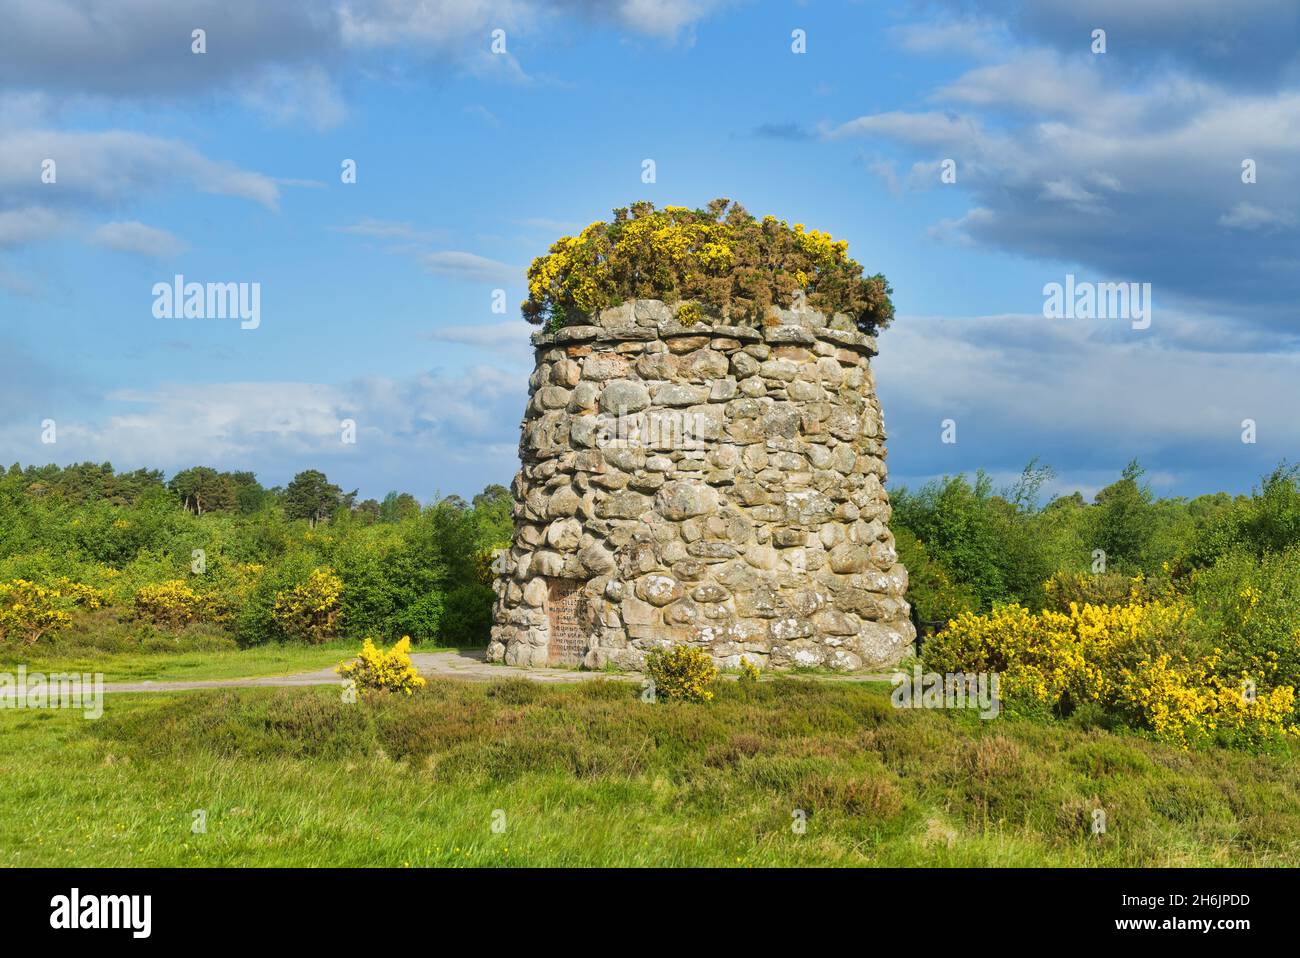 Champ de bataille de Culloden, Cairn, monument, Gorse brillant, ciel bleu,Inverness, Highland, Écosse, Royaume-Uni Banque D'Images
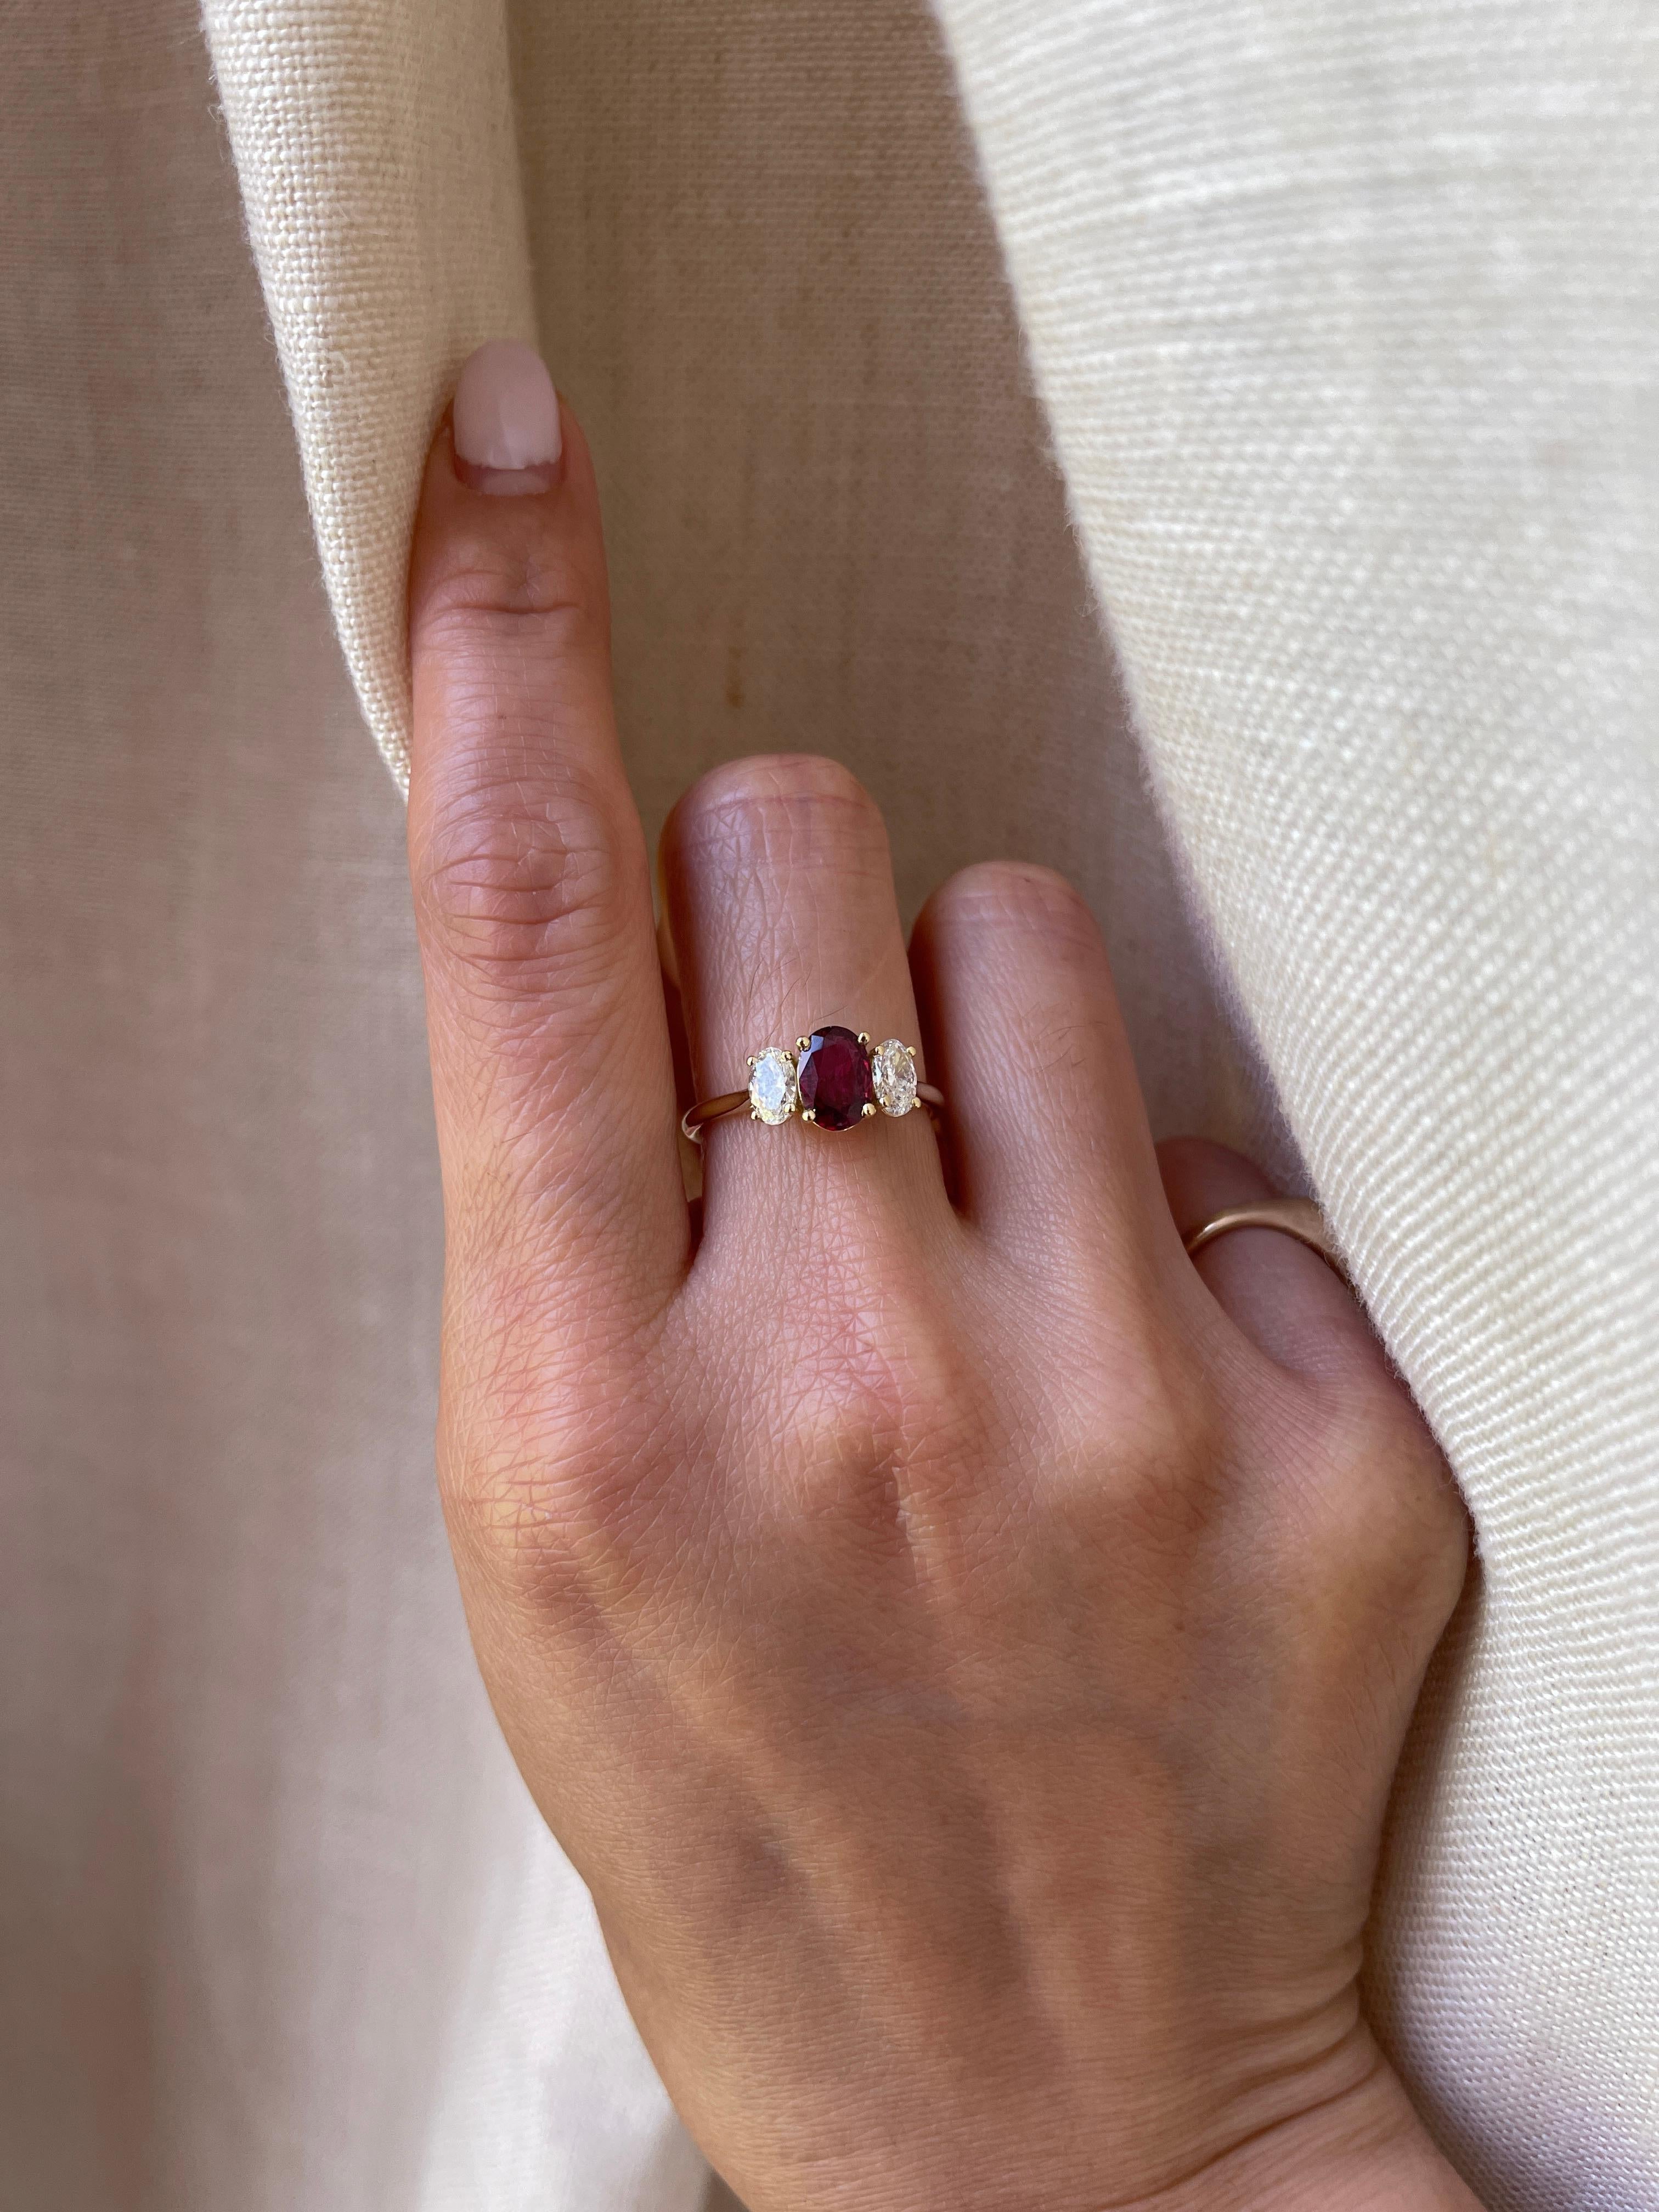 18karat Certified 0.88 Carat Ruby Diamond Ring, Three Stone Engagement Ring 2
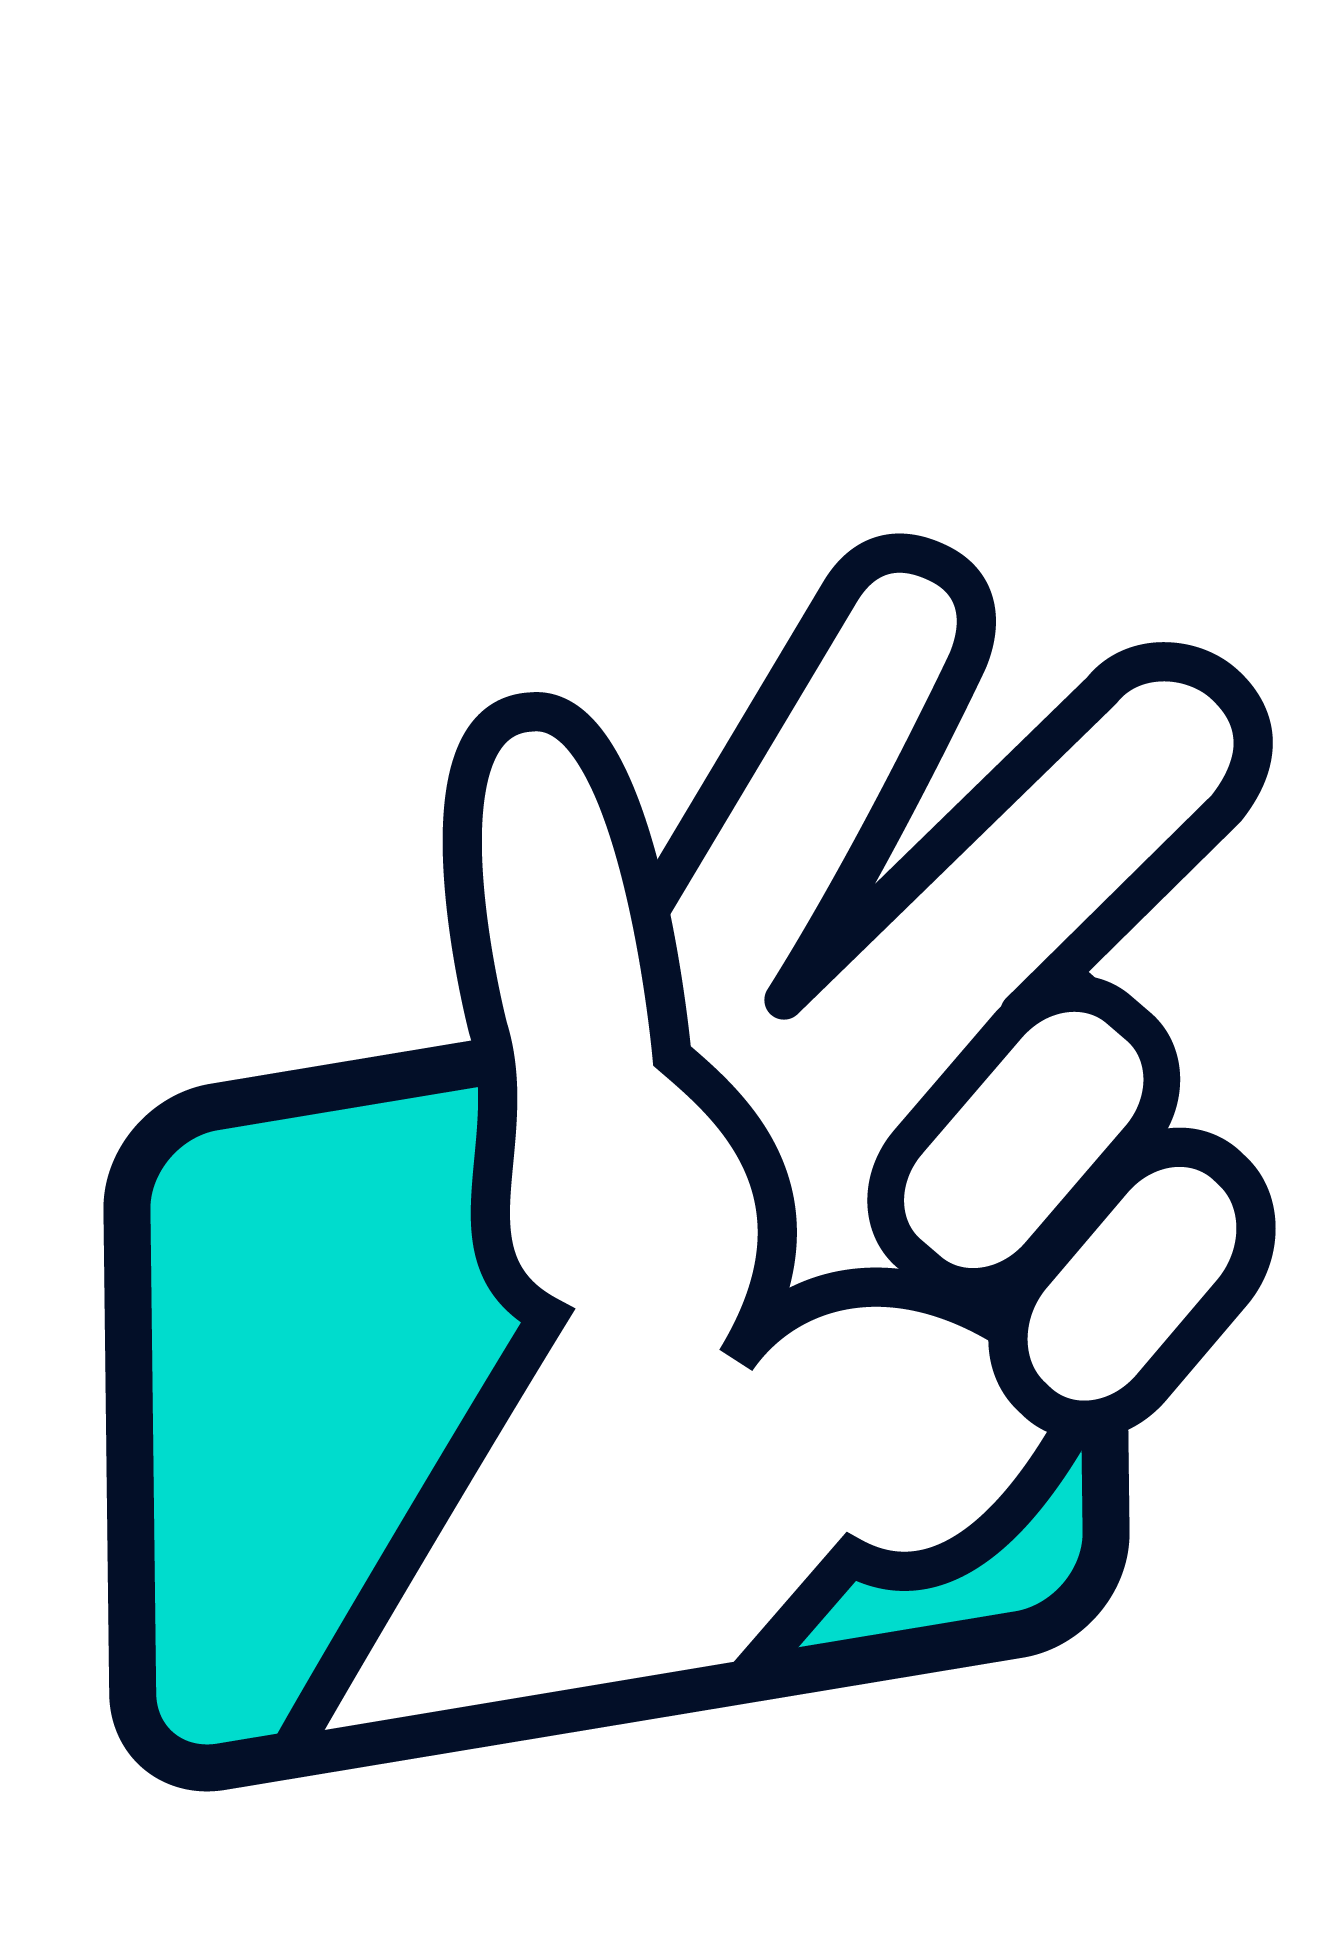 Illustration einer Hand, die das Zeichen für "3" macht.

_Task to carry out_
Omit pictures; set down the rest of the material word for word.

_Task solution_
 Champ de bataille de Culloden, Cairn, monument, Gorse brillant, ciel bleu,Inverness, Highland, Écosse, Royaume-Uni Banque D'Images
 18karat Certified 0.88 Carat Ruby Diamond Ring, Three Stone Engagement Ring 2
 Illustration einer Hand, die das Zeichen für "3" macht.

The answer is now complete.